Konu: | 2024 Yılı Merkezi Yönetim Bütçe Kanunu Teklifi ile 2022 Yılı Merkezi Yönetim Kesin Hesap Kanunu Teklifinin 7'nci Tur Görüşmeleri münasebetiyle |
Yasama Yılı: | 2 |
Birleşim: | 39 |
Tarih: | 18.12.2023 |
SAADET PARTİSİ GRUBU ADINA HASAN EKİCİ (Konya) - Sayın Başkan, değerli milletvekilleri; Genel Kurulu saygıyla selamlıyorum.
Konuşmama başlamadan önce, geçen hafta Rahmetirahman'a kavuşan Hasan Bitmez Vekilimize yüce Rabb'imden rahmet diliyorum, mekânı cennet olsun. Ailesine, yakınlarına, Saadet Partisine, millî görüş camiasına sabır ve başsağlığı diliyorum.
Değerli milletvekilleri, bugün görüşmekte olduğumuz Tarım ve Orman Bakanlığı bütçesi kapsamında Gelecek-Saadet Grubu adına söz almış bulunmaktayım.

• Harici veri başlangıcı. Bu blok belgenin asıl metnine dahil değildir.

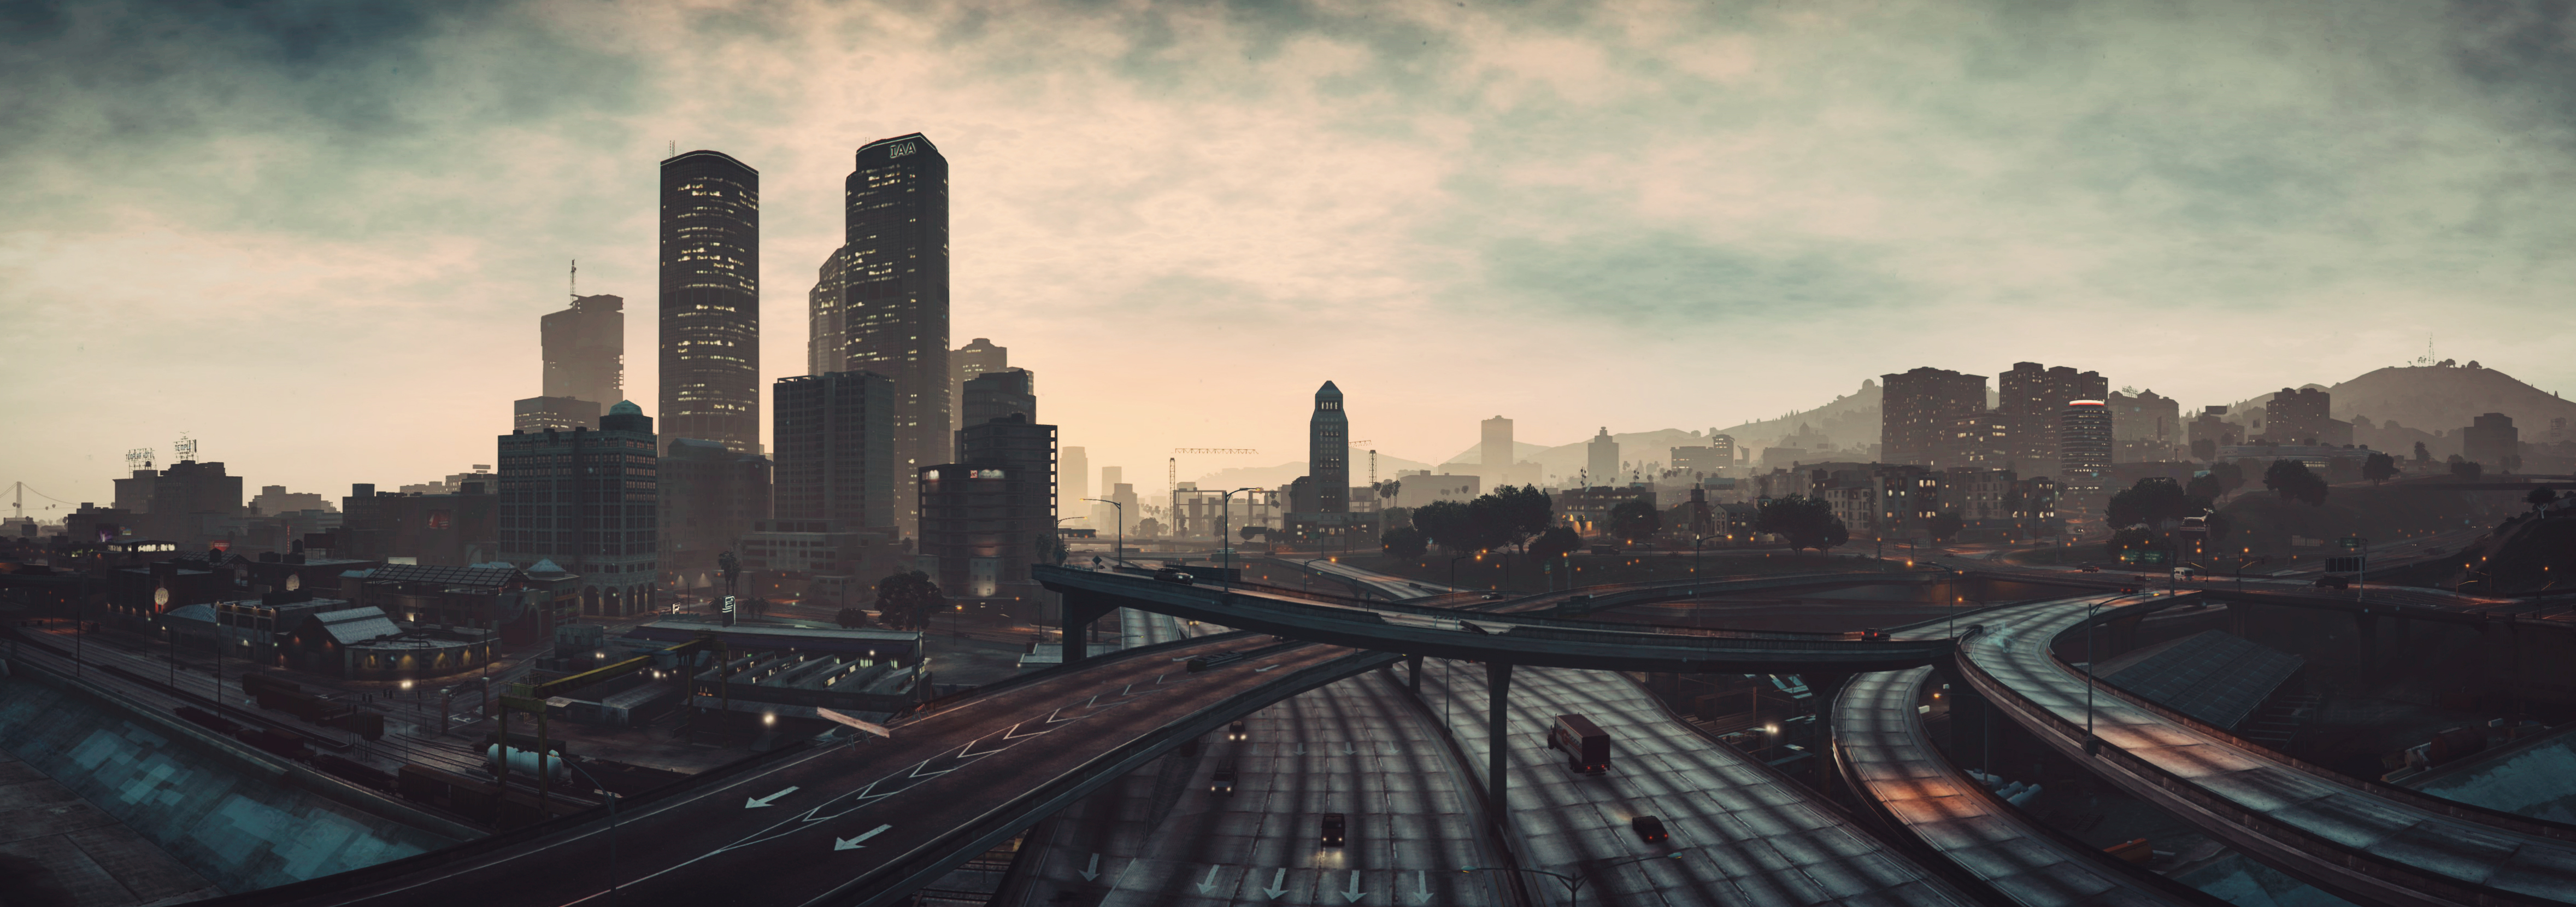 City Grand Theft Auto V Los Santos Road Sky Skyscraper 4714x1659
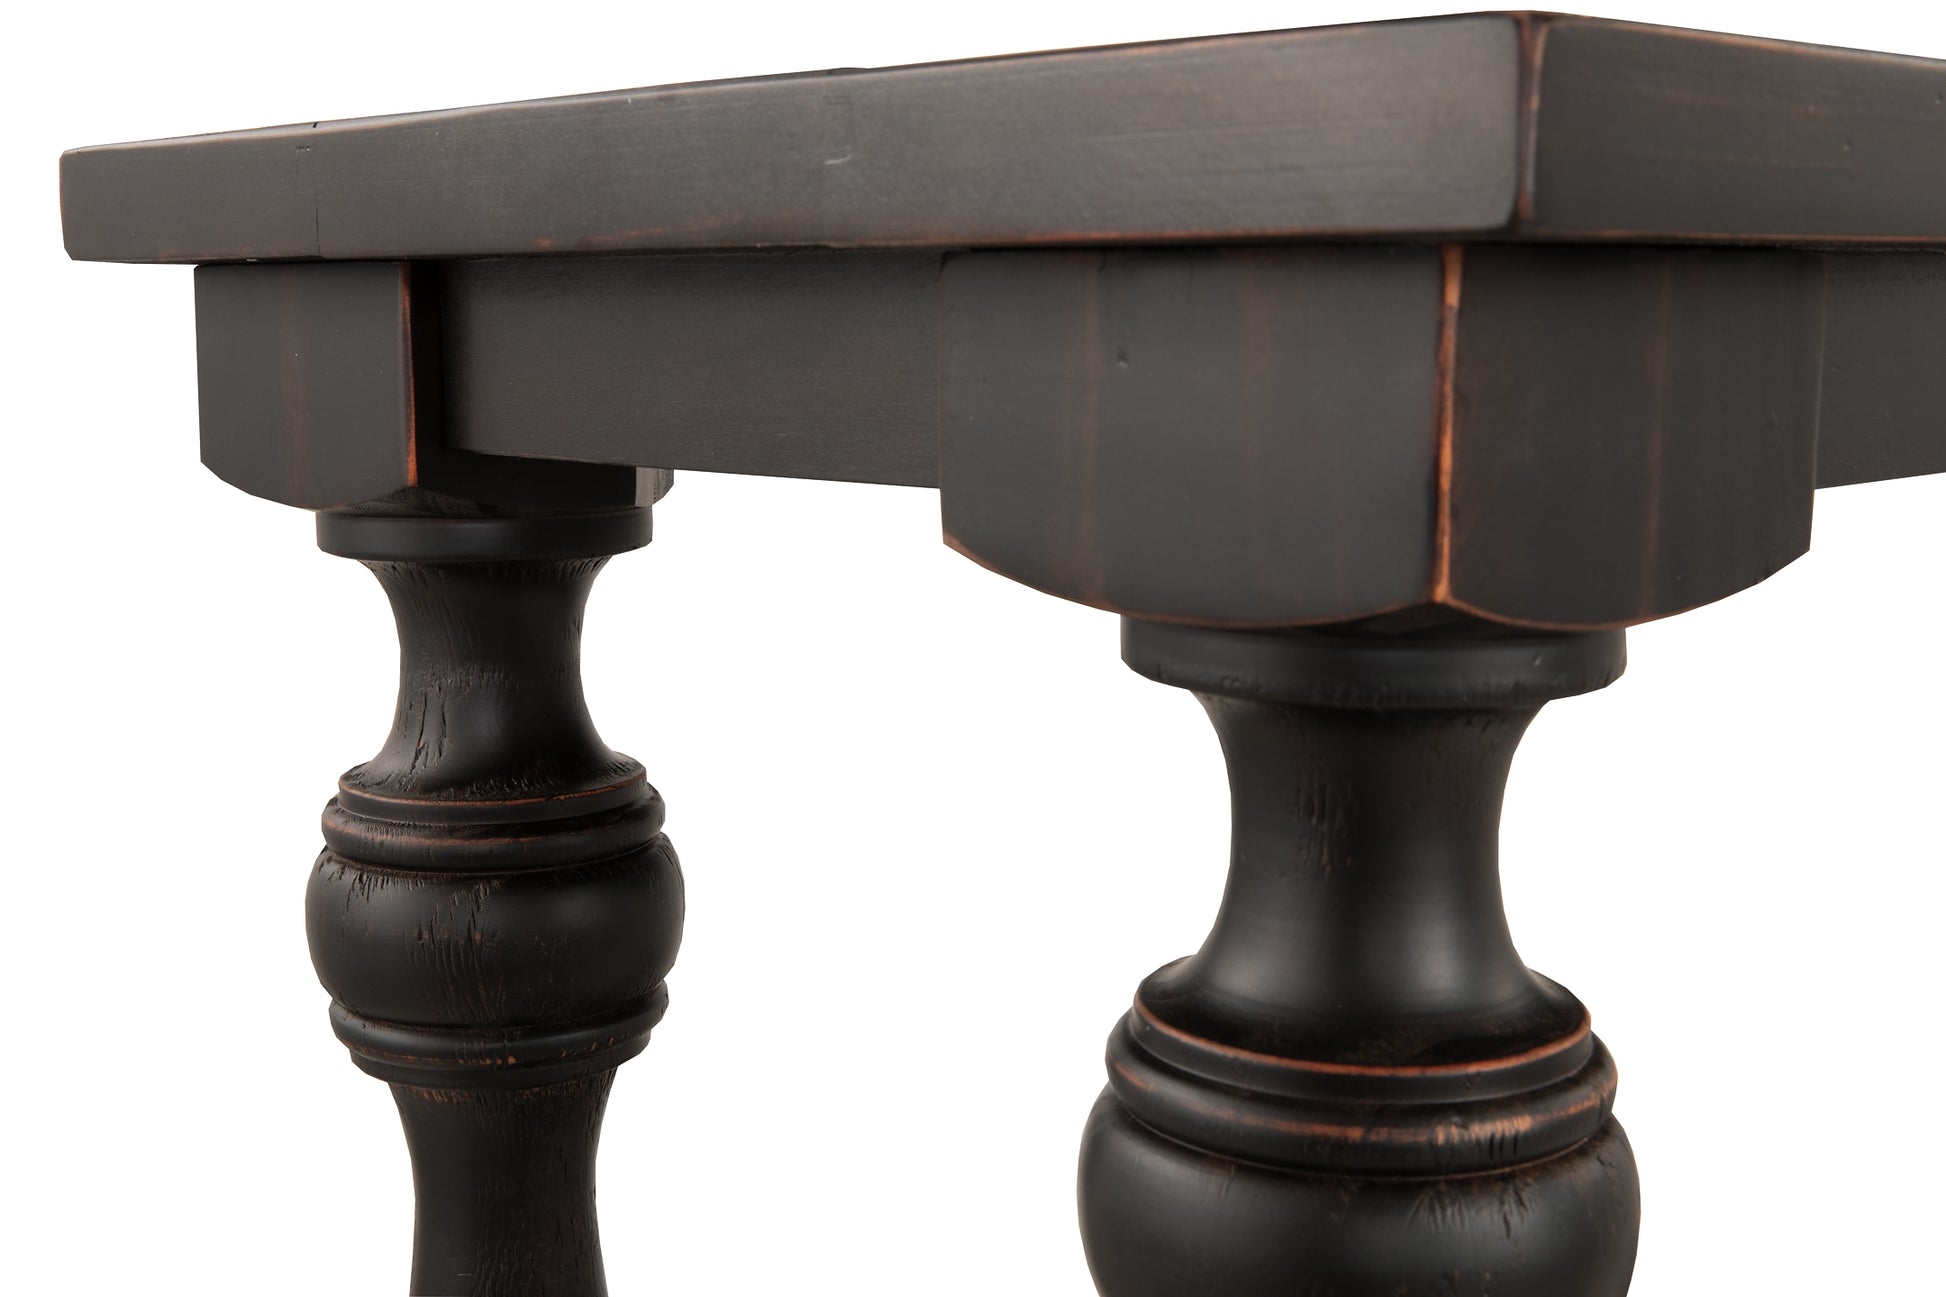 Mallacar Sofa Table Signature Design by Ashley®

Değerli milletvekilleri, gıda güvenliği ve tarım politikaları artık tüm dünyada ulusal güvenlik meselesi olmuştur, gıda uluslararası ilişkilerde stratejik bir unsur hâline gelmiştir. Diğer yandan, artan küresel ısınmaya bağlı olarak dünyayı ve tarımı tehdit eden kuraklık riski ülkemizi ve özellikle Konya Ovası'nı ciddi olarak tehdit etmektedir. Konya Ovası, Türkiye'nin en az yağış alan bölgelerinden biridir. Konya Ovası, kuraklığa bağlı olarak maalesef hızla çölleşmektedir. Yer altı suları yerin derinliklerine doğru çekilmektedir. Beyşehir Gölü, Tuz, Gölü, Seydişehir Suğla Gölü, Meke Gölü ve irili ufaklı birçok gölümüz ya tamamen kurumuş ya da hızla kurumaktadır.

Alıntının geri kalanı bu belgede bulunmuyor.